La colcha de blanco satén los recibió con su frescor de luna de miel. El cuerpo moreno del torero emergió tras el verde y oro de su traje de luces. Sus músculos refulgían en la penumbra del dormitorio como bronce bruñido. Su enhiesto falo semejaba un alfanje curvo, preparado para batirse con el caballero cristiano. Las nalgas le temblaban intermitentemente como las ancas de un caballo de pura raza. El hermoso guardia civil, imponente con sus galas, fue desnudándose lentamente para que el chico gitano catase con sus ojos verdes el suculento manjar de su blanco cuerpo. Su príapo erecto redoblaba contra su vientre con sones militares. Se acercaron uno a otro, queriendo mentalmente poner el contador del tiempo en el mismo instante que, cinco años atrás, se habían despedido con el alma enamorada irremediablemente.

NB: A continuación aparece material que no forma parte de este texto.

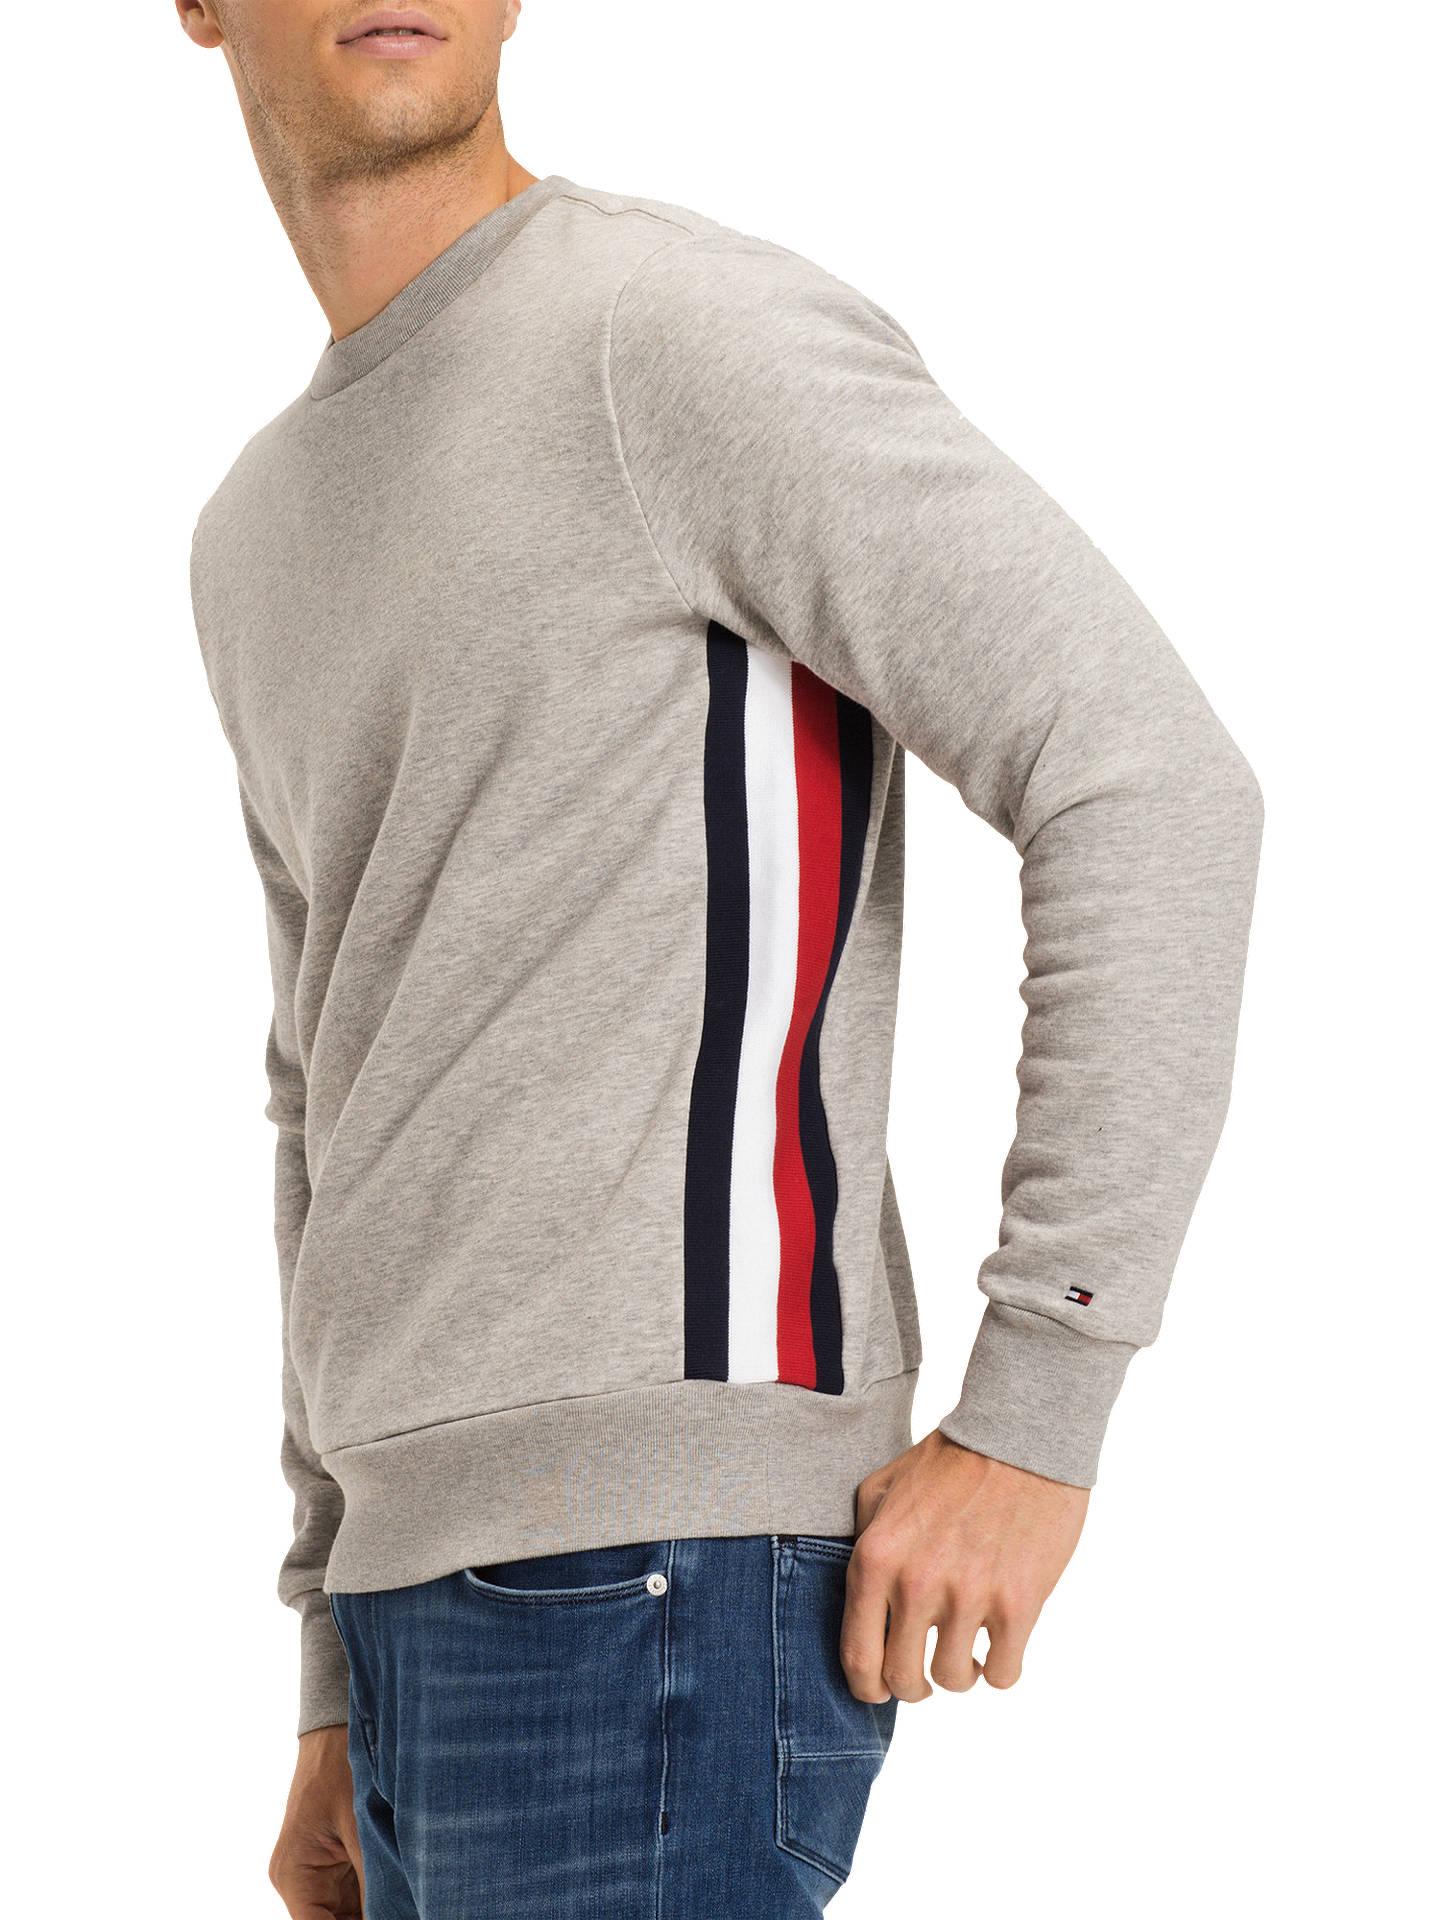 9d2a37a8a2 Buy Tommy Hilfiger Stripe Logo Sweatshirt, Cloud Heather, S Online at  johnlewis.com ...

Ambos eran vírgenes en cuanto a sexo homosexual; pero se dejaron llevar por la llamada de la Naturaleza y suplieron con intuición lo que desconocían. Paso a paso, descubrieron lo que les gustaba. Sus labios encontraron el camino desde los labios hasta los pezones, de los ombligos hasta las enervadas pollas. Las titubeantes lamidas se transformaron en ardientes mamadas. Las caricias superficiales por sus sudorosas pieles se transformaron en ahondamientos de los dedos en los oscuros orificios de los placeres ocultos. Y, cuando ya estaban al borde de la explosión, supieron encajar sus nervudos miembros en los dilatados anos. Y, aunque dolidos en un principio, sus propias salivas y sus líquidos pre-seminales lubricaron los conductos rectales para acoplarse por turnos en una cópula de amor carnal y espiritual que los llevó a jurarse fidelidad eterna. El famoso antagonismo entre razas, entre guardias y gitanos y entre clases sociales quedó hecho añicos en aquella colcha de blanco satén empapada de espeso semen.